William S. Burroughs: Bergamot Redux 1995-2025
Robert Berman Gallery, 2525 Michigan Avenue, #A5, Santa Monica, CaliforniaThrough September 30
Allen Ginsberg, “William Burroughs Slightly Zonked” (1961), mural, RC photographic paper (picture courtesy Robert Berman Gallery)
In 1995, Robert Berman Gallery and Observe 16 Gallery mounted Concrete and Buckshot, one of many first exhibitions of William S. Burroughs’s visible artwork in Los Angeles. Thirty years later, Berman restages and expands that present with William S. Burroughs: Bergamot Redux. This enlarged iteration contains Burroughs’s summary work from the Nineteen Nineties and his woodcut and screenprint sequence The Seven Lethal Sins (1991), alongside art work by Dennis Hopper and images by Christopher Felver, John Colao, and Allen Ginsberg.

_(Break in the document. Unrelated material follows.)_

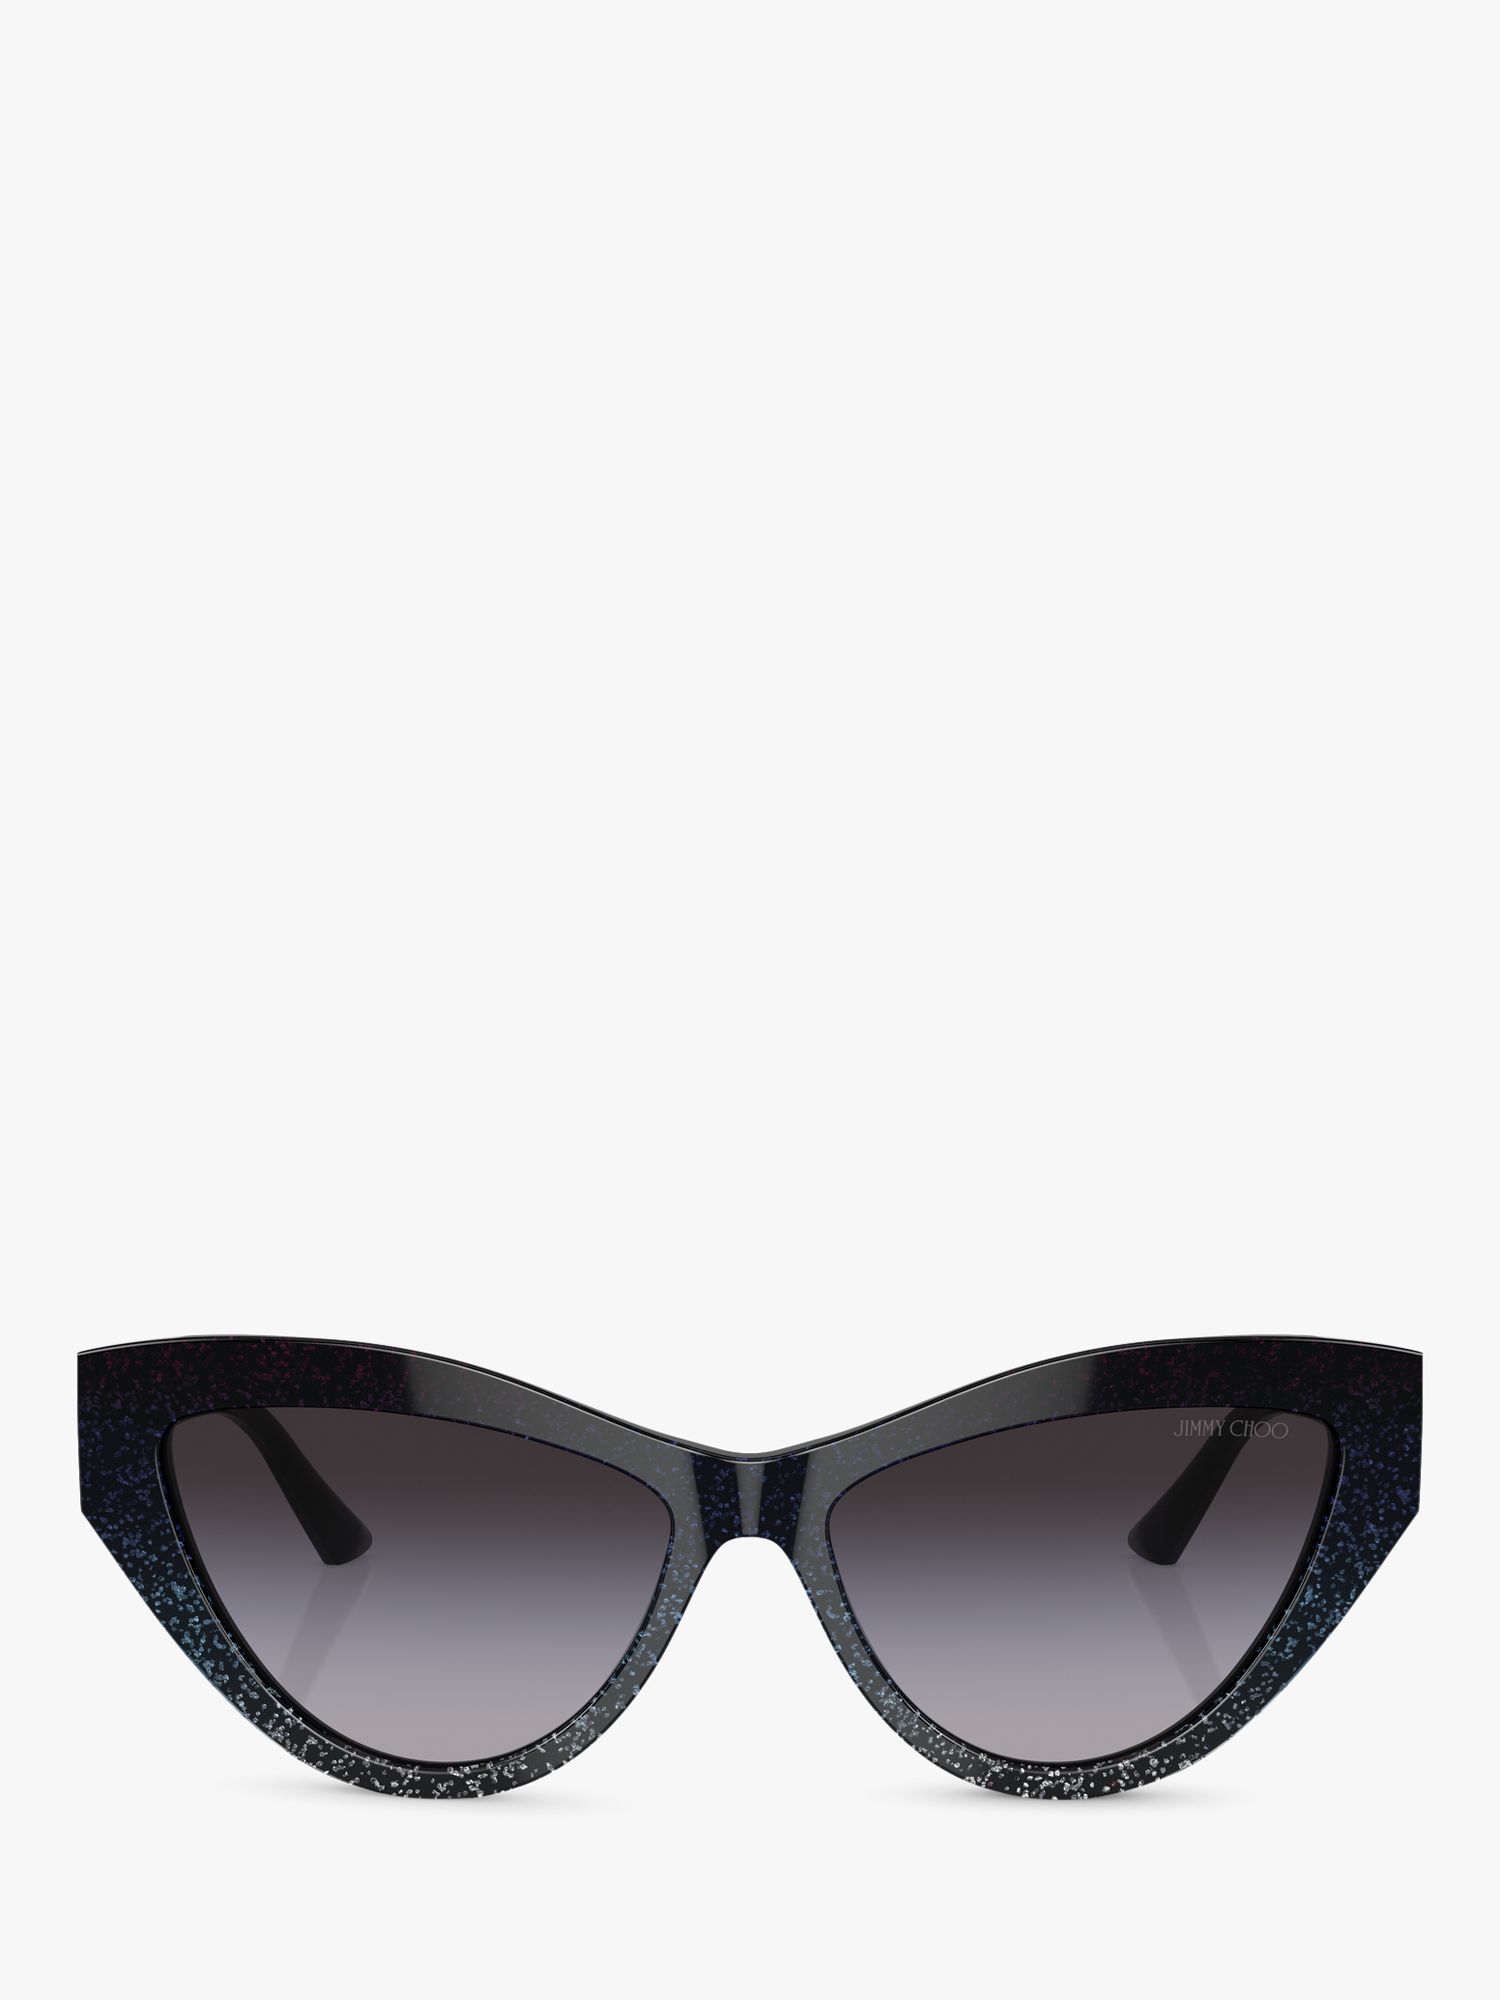 Buy Jimmy Choo JC5004 Women's Cat's Eye Sunglasses, Black Glitter/Blue Online at johnlewis.com

A Nice Day in East L.A.: Celebrando the Eastside Sound
LA Plaza de Cultura y Artes, 501 North Most important Avenue, Downtown, Los AngelesThrough August 23, 2026
Piero F. Giunti, “Aztlan Underground” (2014–25), archival pigment print (© Piero F. Giunti; picture courtesy the artist)
For many years, LA’s better Eastside has cultivated a multi-generational Latinx music scene spanning rock, soul, punk, hip hop, and conventional Mexican music that has expanded past its native roots to realize widespread recognition. A Nice Day in East L.A. showcases the pictures of Piero F. Giunti, who has collaborated for the previous 10 years with musician Mark Guerrero to doc the tales and pictures of this numerous group of musicians, together with ¡Aparato!, Aztlan Underground, Mezklah, Cambalache, Los Lobos, and The Brat. Alongside Giunti’s portraits, the exhibition gathers over 500 albums, devices, flyers, costumes, movies, and different ephemera, offering a complete historical past of this vibrant group.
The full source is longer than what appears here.